Optimal Trees is a novel approach for decision tree construction that outperforms many existing decision tree methods (Bertsimas and Dunn 2019). It formulates the decision tree construction problem from the perspective of global optimality using mixed-integer optimization (MIO) and solves this problem with coordinate descent to find optimal or near-optimal solutions in practical run times. These Optimal Trees are often as powerful as state-of-the-art methods like random forests or boosted trees, yet they are just a single decision tree and hence are readily interpretable.
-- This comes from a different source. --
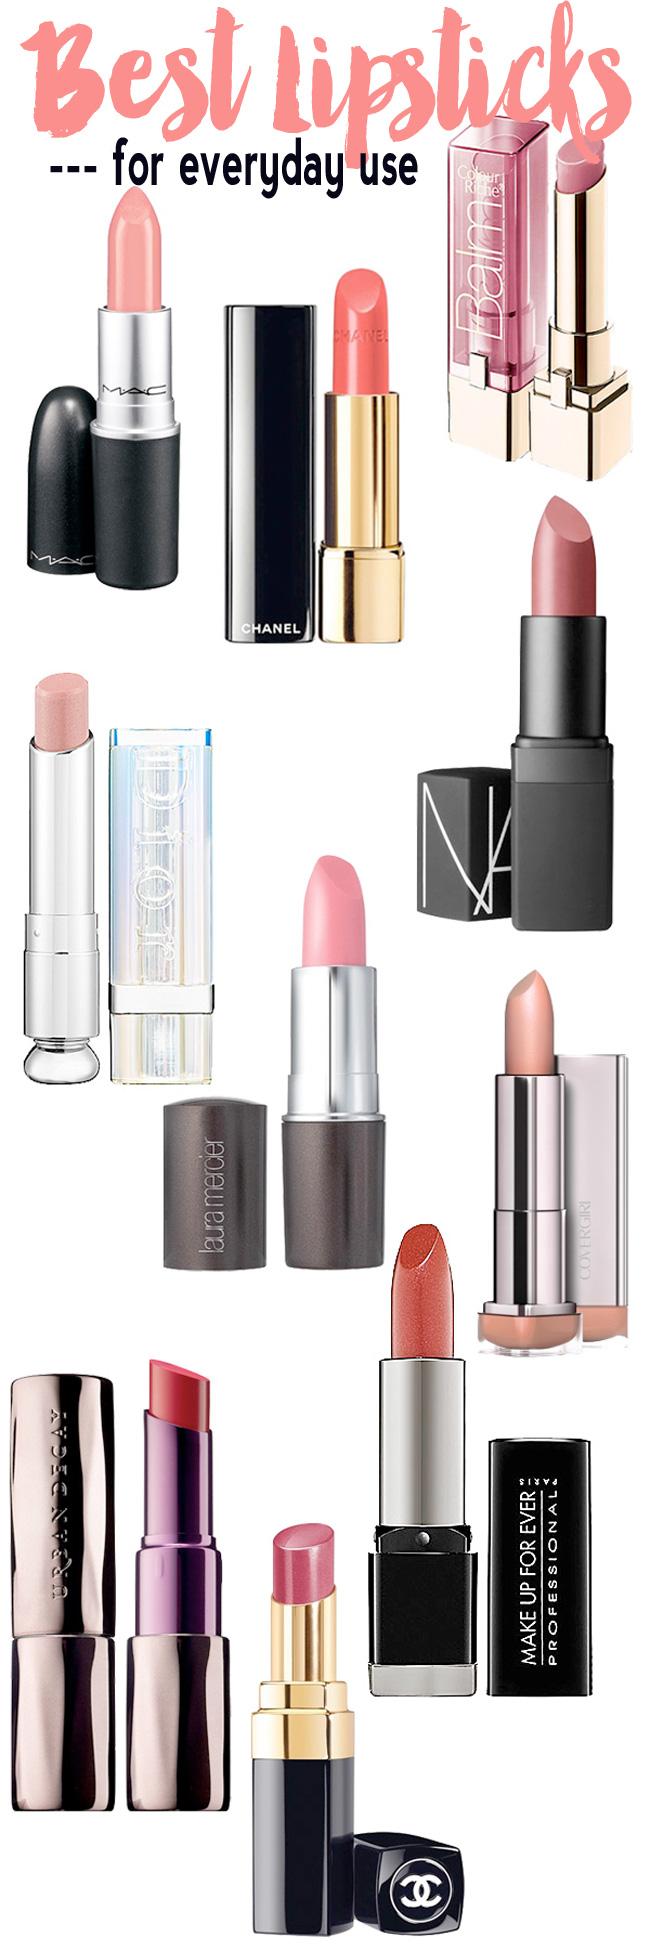 Best Lipsticks for Everyday Use

This obviates the need to trade off between interpretability and state-of-the-art accuracy when choosing a predictive method.

The Optimal Trees framework is a generic approach that tractably and efficiently trains decision trees according to a loss function of the form

$$\begin{aligned} \min _T ~~\texttt {error}(T, D) + \alpha \cdot \texttt {complexity}(T), \end{aligned}$$
(1)

where T is the decision tree being optimized, D is the training data, \(\texttt {error}(T, D)\) is a function measuring how well the tree T fits the training data D, complexity(T) is a function penalizing the complexity of the tree (for a tree with splits parallel to the axis, this is simply the number of splits in the tree), and \(\alpha\) is the complexity parameter that controls the tradeoff between the quality of the fit and the size of the tree. Cross-validation takes places as an internal component of the method.

Unlike the others, Optimal Trees is able scale to large datasets (n in the millions, p in the thousands) by using coordinate descent to train the decision trees towards global optimality. When training a tree, the splits in the tree are repeatedly optimized one-at-a-time, finding changes that improve the global objective value in Problem (1). To give a high-level overview, the nodes of the tree are visited in a random order and at each node we consider the following modifications:

  • If the node is not a leaf, delete the split at that node;

  • If the node is not a leaf, find the optimal split to use at that node and update the current split;

  • If the node is a leaf, create a new split at that node.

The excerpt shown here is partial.